New Rabbit Owners

Rabbits and Guinea pigs are perfect first pets for your family! They are easy to care for and are cute, friendly pocket pets for the younger members of your family.

However there are some things you need to know before considering a rabbit or guinea pig. From choosing a healthy pocket pet to nutrition and living arrangements, we are here to provide you all the information you need!

Responsible rabbit ownership

Owning a rabbit requires the following:

  • A hutch or enclosure to house your rabbit.
  • A diet catered to their dietary needs.
  • Regular grooming.
  • Regular health check-ups at the vet.
  • A lot of love and attention from the family
Rabbit’s Dietary Needs

Rabbits require a high fibre diet with a variety of plant based foods, due to them being herbivores. Grass and hay are the main food sources for rabbits, however they can also eat a variety of vegetables. They should not be fed meat or dairy as foods like these are detrimental to their health.

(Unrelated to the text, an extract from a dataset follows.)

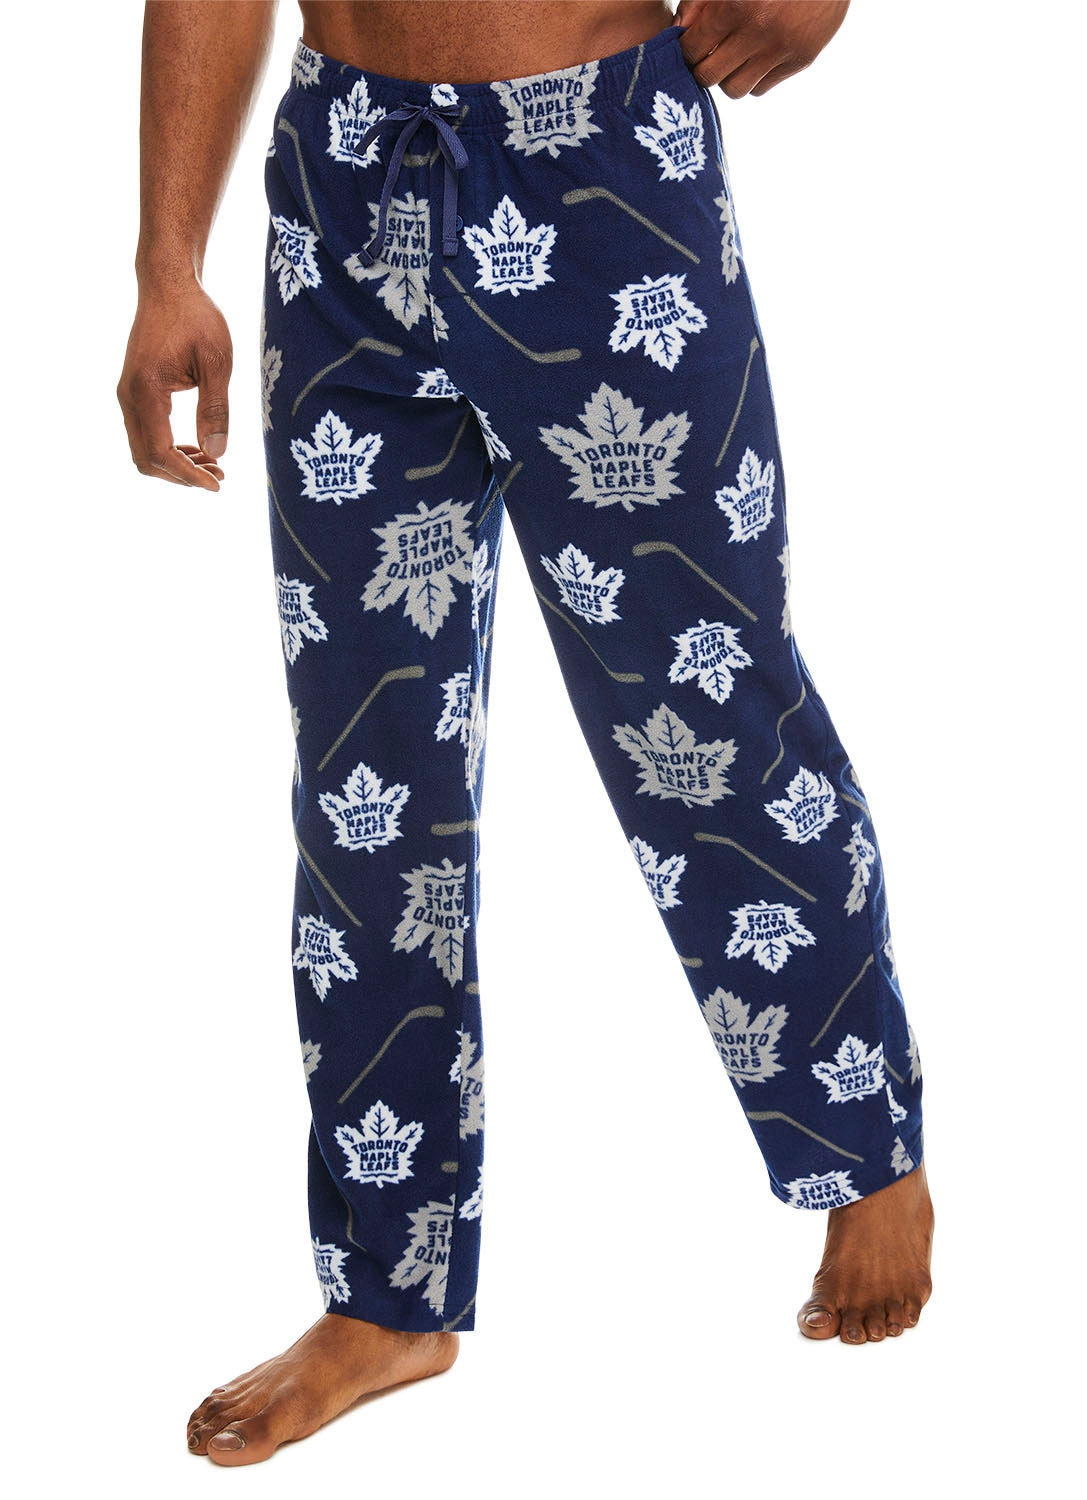 NHL Pajamas, NHL Sleepwear & Lounge Pants

The types of hay rabbits can eat:

  • straw for bedding (that they will also nibble on).
  • oaten hay.
  • pasture (meadow) hay.
  • lucerne hay.
  • Other types of hay can be used, such as rye grass, but it is important to check for dust and prickles in the hay that may not be suitable for your rabbit.
  • All hay must be free of mould and signs of ‘vermin’ (rat or mouse droppings and creepy crawlies). This can be quite challenging until you find a reliable source of hay.
Rabbit Safe Vegetables

Rabbits are able to eat small quantities of vegetables, however it is important to provide only small quantities of these, as rabbits have very sensitive digestive systems. Below is a list of vegetables that are safe for your rabbit to eat. However, hay and grass should remain the staple of your rabbit’s diet.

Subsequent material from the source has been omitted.